NOTE: An omission of mine that matters is that I have recalled "Prince Igor" without mentioning the name of Sophia Féodorova, who holds her own in astounding feats of agility, as in fiery spirit with the adolescents in whose evolutions she participates. The girl is a wonder at this man's work!

Pavillon d' Armide

|IN this ballet, in the style of the French ballets of the reign of Louis XIV., there is less distinction, I think, than in the others from which Miss Pamela Colman Smith has derived her pictures. The costumes and scenery are "designed by Benois," but any one with a knowledge of the theatre and a Racinet at hand could have done the same sort of thing. And yet as I write this I know I should make the reservation of that "life" which the Russians know how to breathe into everything. What I mean is that Benois gives us no new creation. Karsavina's bird-like grace in her eighteenth-century guise is captivating (oh, that this talented little dancer had more music in her, and did not dance always a fraction off the beat!), and Nijinsky as a wholly unnecessary slave in white satin gives a wonderful exhibition of dancing in the style of the original Ballon who danced at the opera in Paris at the end of the seventeenth century, and gave his name to the kind of classical dancing which consists in elevation.

NOTE: Bolm as the lover looks very like one of Louis XIV.'s sons, and mimes perfectly. I like the "pas de trois" (the music of this ballet by Tscherepnin is fascinating), but I liked it better when it was originally given at the Coliseum as an extract, and danced by Kosloff, Karsavina and Baldina. Our spirited, bounding Nijinska has not got the eighteenth- century style. Oh, I must not forget those dear Bouffons! Their little dance alone makes "Pavilion d'Armide" worth while.

Narcisse

|THE last drawing in this book is of Nijinsky as Narcisse, and if Narcisse had been a _pas seul_ by Nijinsky I am sure that there would have been more to praise in it. For once, the mosaic was all wrong, and so the centre piece could not be all right. I have read enthusiastic accounts of "L'Apres-midi d'un Faune," which Nijinsky himself arranged, making Debussy's music the vehicle for a display of Greek poses, and from Nijinsky's personal performance in "Narcisse" I believe it to be possible that he has succeeded in doing, in "L'Après-midi de un Faune," what Bakst failed to do in "Narcisse. ' ' When, at the end of the ballet, that colossal stage narcissus was jerked up from the stage pool, and the limelight was turned on it, I regretfully saw in that light a limitation in the Russian art. They could not interpret the tranquil repose, the immanent beauty of Greek ideas.

The whole treatment of the exquisite story of the youth who fell in love with his own beauty, and was drowned seeking to come near its reflection, was heavy-handed, even a little barbarous and ugly.
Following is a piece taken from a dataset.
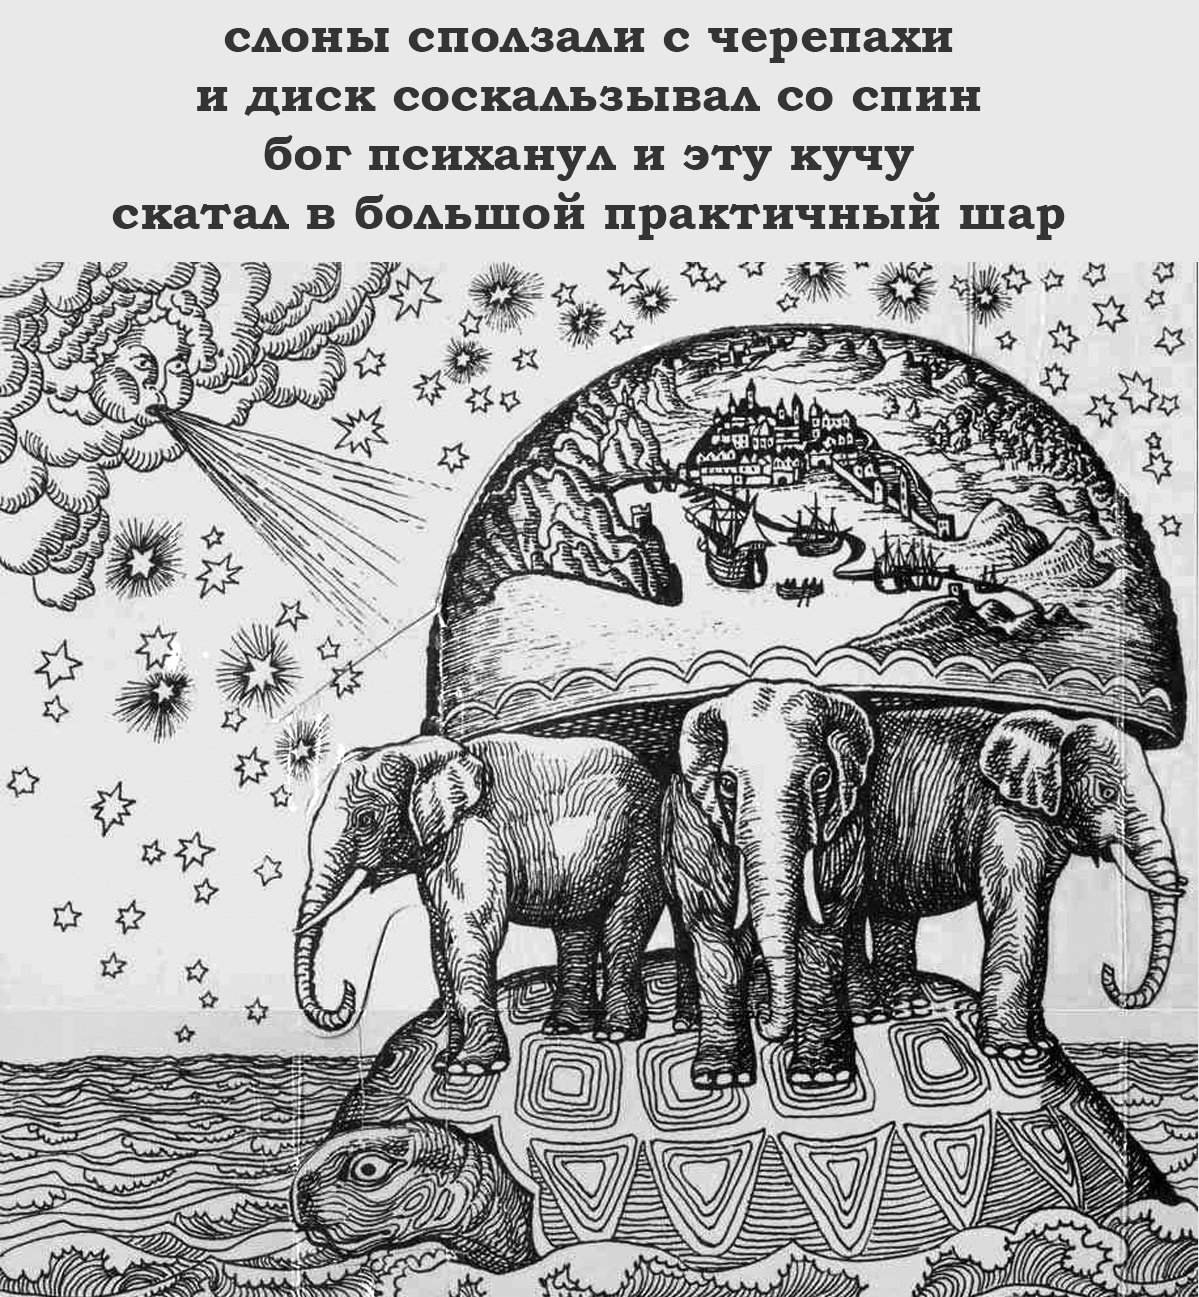 Мир на трех слонах. Черепаха три слона плоская земля. Земля на слонах. Земля на трех слонах. Плоская земля на трех слонах и черепахе.

And all the grave movements imprisoned in stone and marble by the sculptors of ancient Greece, all the joyous silhouettes on Greek vases, seemed to remain remote, and secure from the conquest of the devouring Russian, restlessly seeking material for his ballets in all nations and all times. I had a sudden seizure of distrust; it was as though the disdain of the Greek had sapped the foundations of my belief in the justness of the praises lavished on the new dance; but then memories of gestures, colors, bounding movements, freedom of expression given by perfection of technique, came crowding pell-mell into my mind. The frown on a cold marble forehead could not extinguish my joy in the flame of life which burns so ardently in the work of the Russian ballet.